*YOUR INSTRUCTIONS*:
What is needed is an exact copy of the lines from the line holding "This unique and" through the end of the material, with no other lines and no pictures.

*DATASET EXCERPT*:
****************

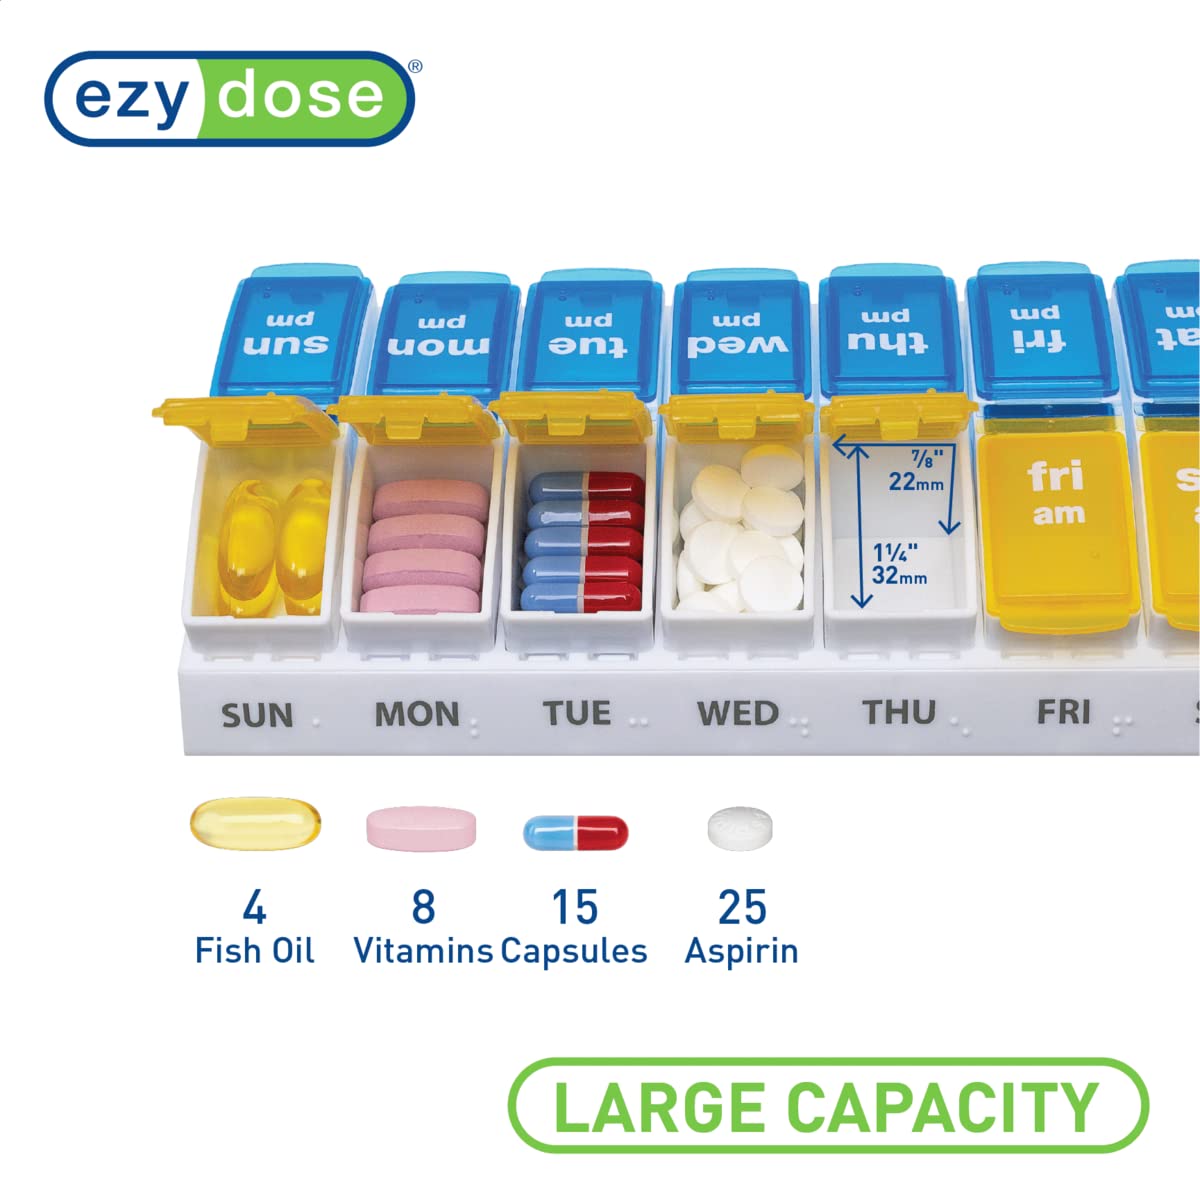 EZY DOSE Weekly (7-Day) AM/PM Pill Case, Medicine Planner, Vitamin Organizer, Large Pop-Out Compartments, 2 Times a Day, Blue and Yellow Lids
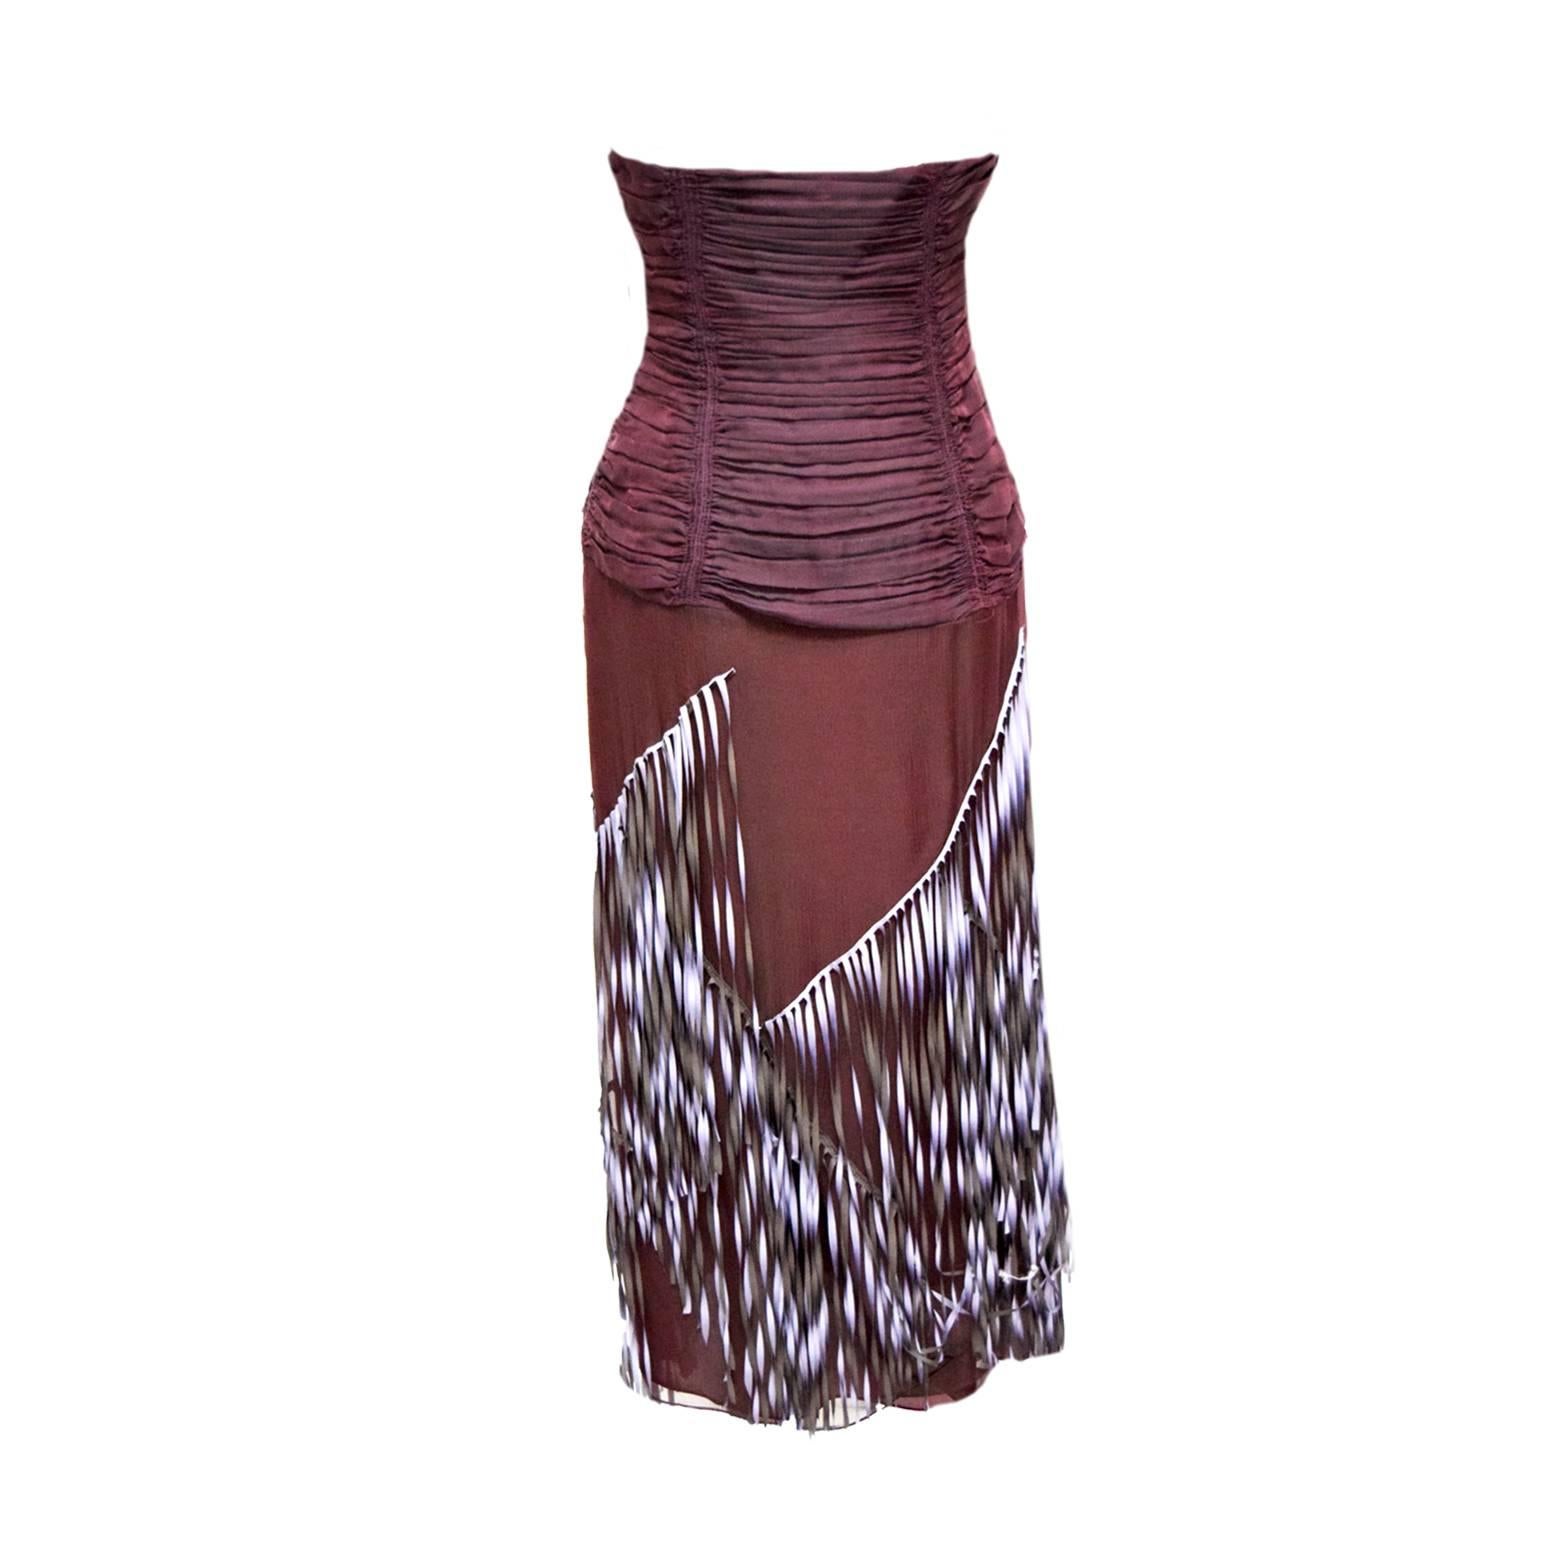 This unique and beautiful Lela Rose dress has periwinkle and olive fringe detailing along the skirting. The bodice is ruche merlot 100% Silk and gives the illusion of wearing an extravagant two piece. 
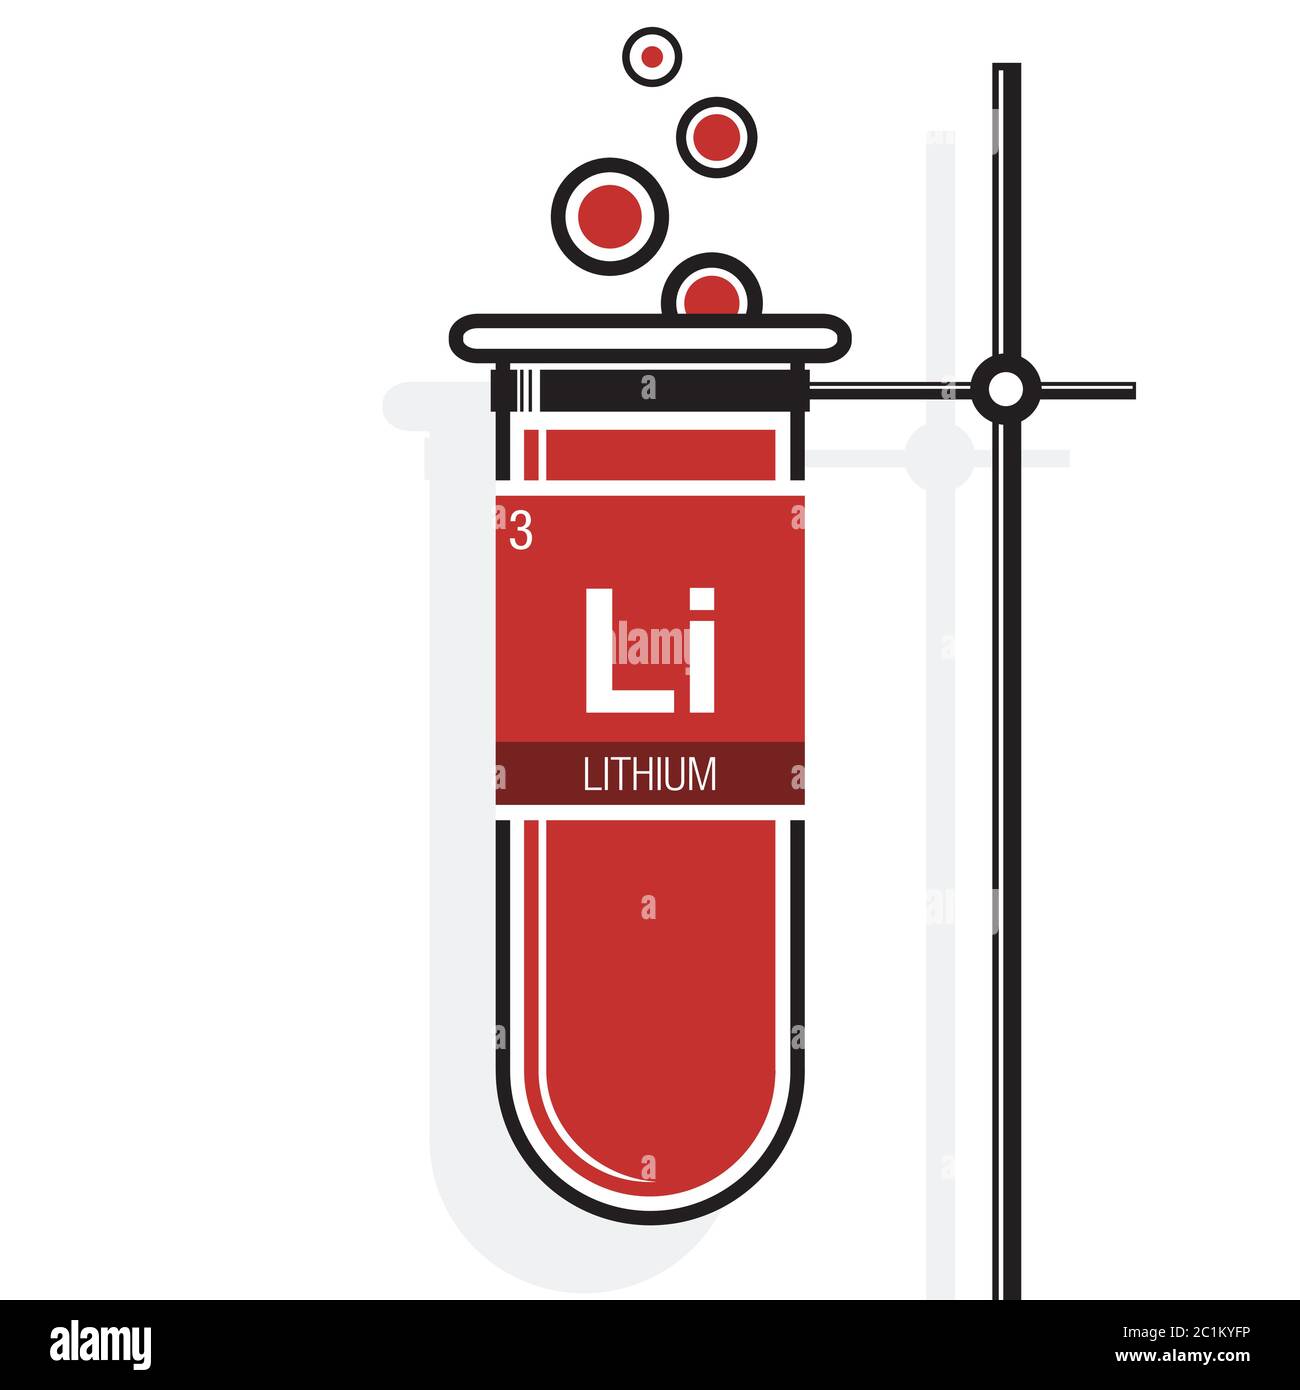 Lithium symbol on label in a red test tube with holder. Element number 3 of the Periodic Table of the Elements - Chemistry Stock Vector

****************

*EXERCISE RESPONSE*:
 This unique and beautiful Lela Rose dress has periwinkle and olive fringe detailing along the skirting. The bodice is ruche merlot 100% Silk and gives the illusion of wearing an extravagant two piece. 
 Lithium symbol on label in a red test tube with holder. Element number 3 of the Periodic Table of the Elements - Chemistry Stock Vector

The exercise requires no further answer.